With the pictures left out, print exactly the lines below that run from the one containing "n_03 1954 Buick" through the one containing "Certificate IV in Landscape Design 22198VIC".

━━━━━ Material supplied

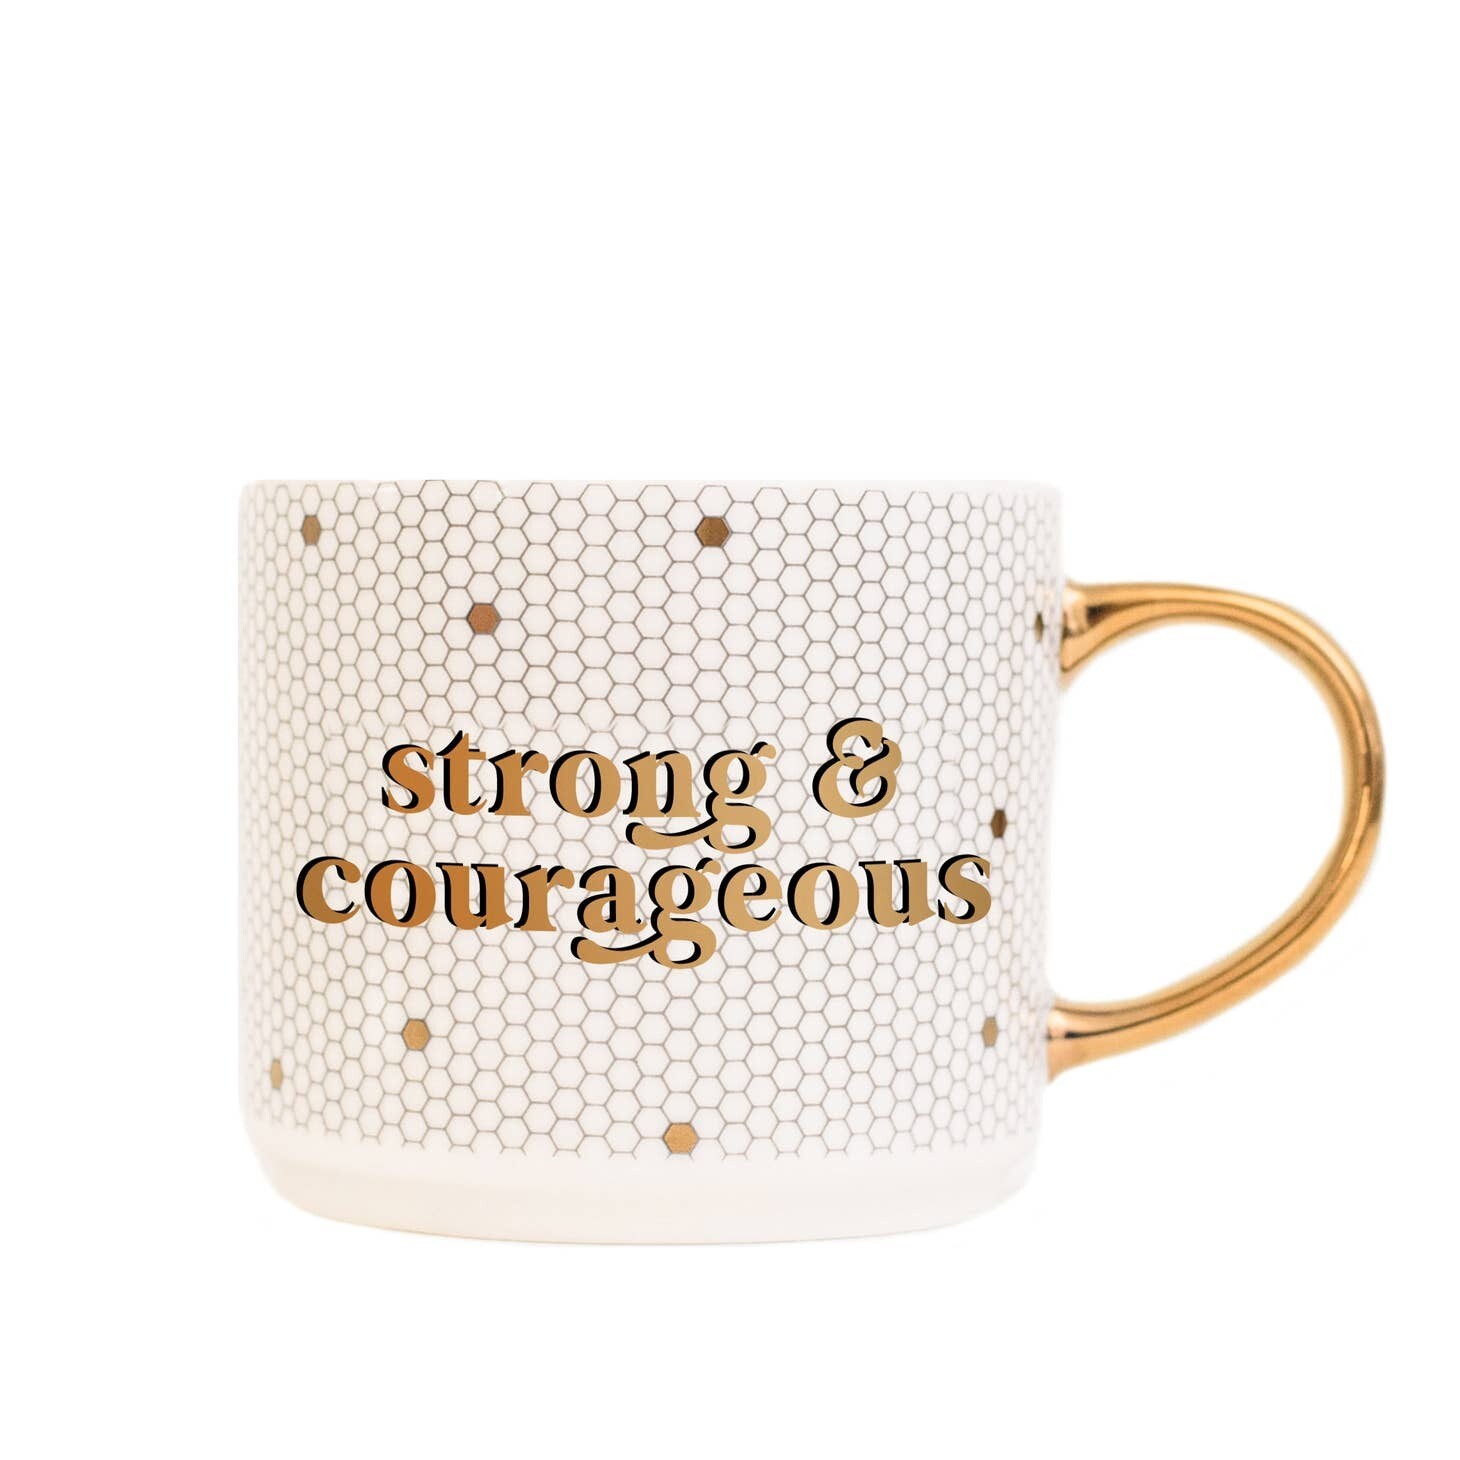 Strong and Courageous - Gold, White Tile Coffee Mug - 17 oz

━━━━━━━━━━
━━━━━ Material supplied

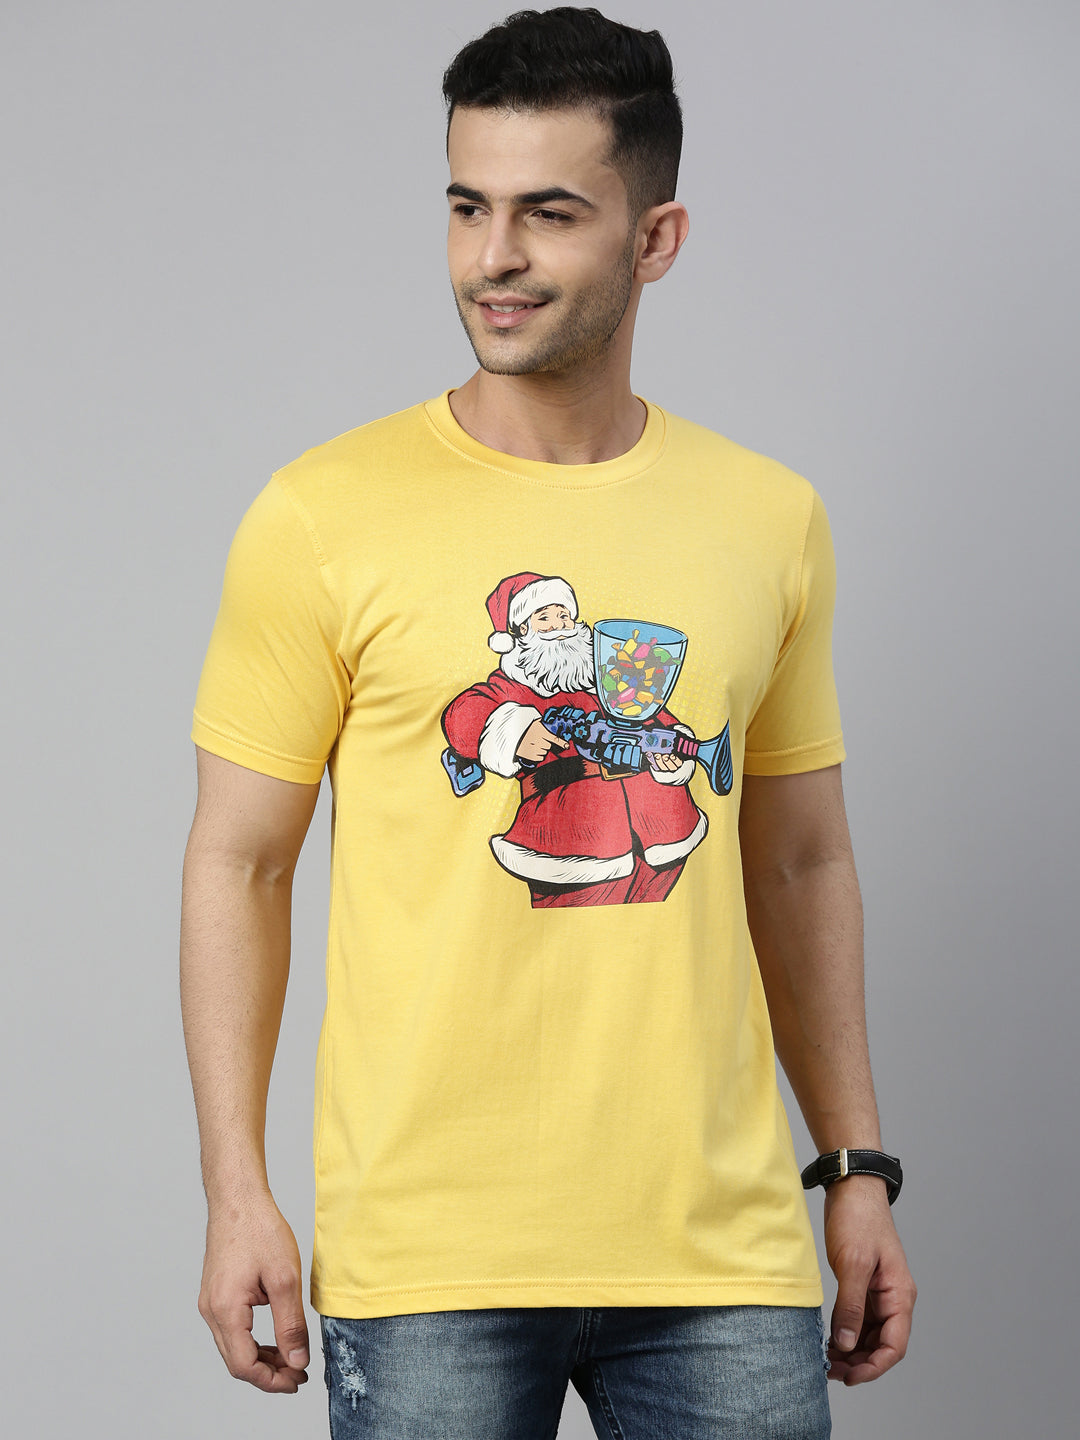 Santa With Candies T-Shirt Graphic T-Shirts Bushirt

━━━━━━━━━━
━━━━━ Material supplied

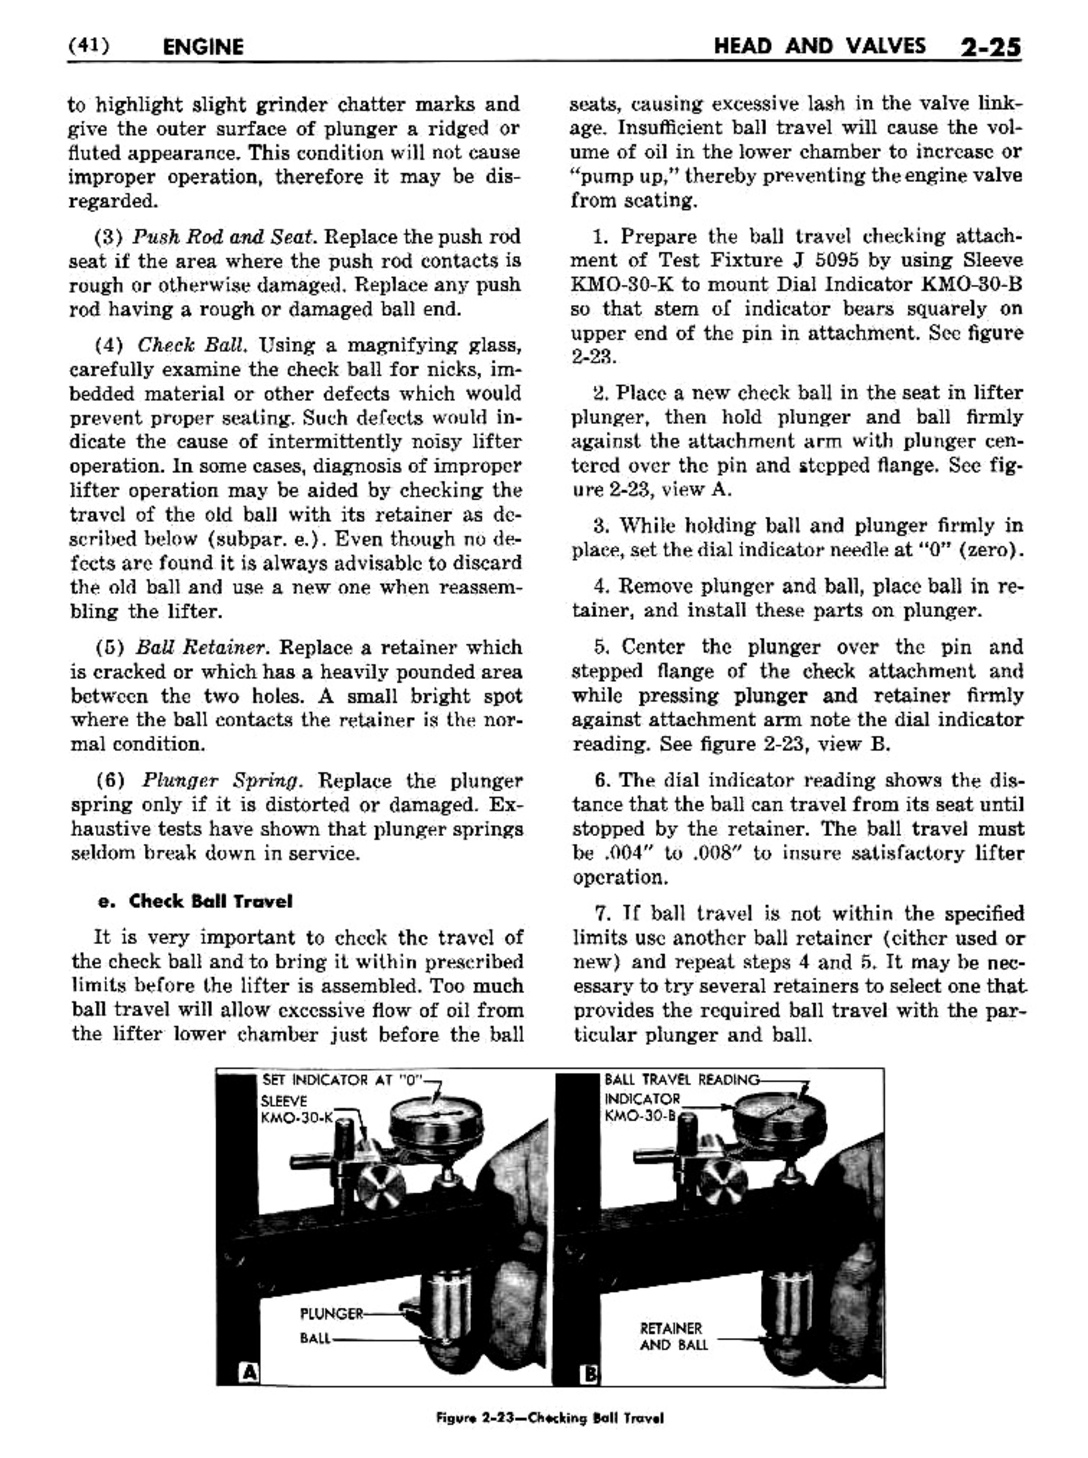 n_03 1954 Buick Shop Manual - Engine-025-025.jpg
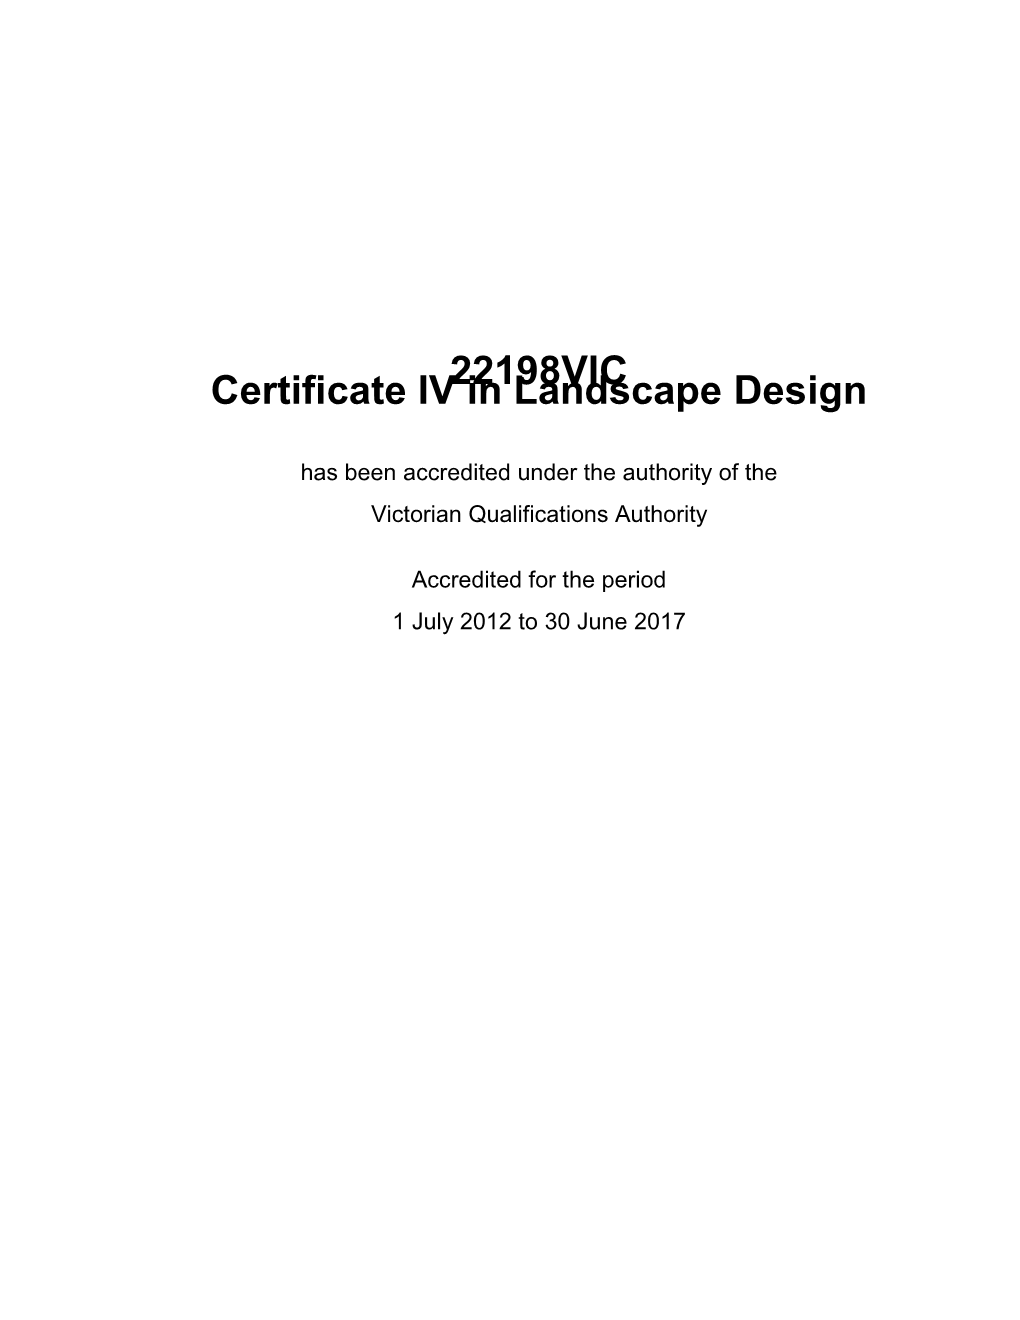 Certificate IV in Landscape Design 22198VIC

━━━━━━━━━━

• _Finished task_:
 n_03 1954 Buick Shop Manual - Engine-025-025.jpg
 Certificate IV in Landscape Design 22198VIC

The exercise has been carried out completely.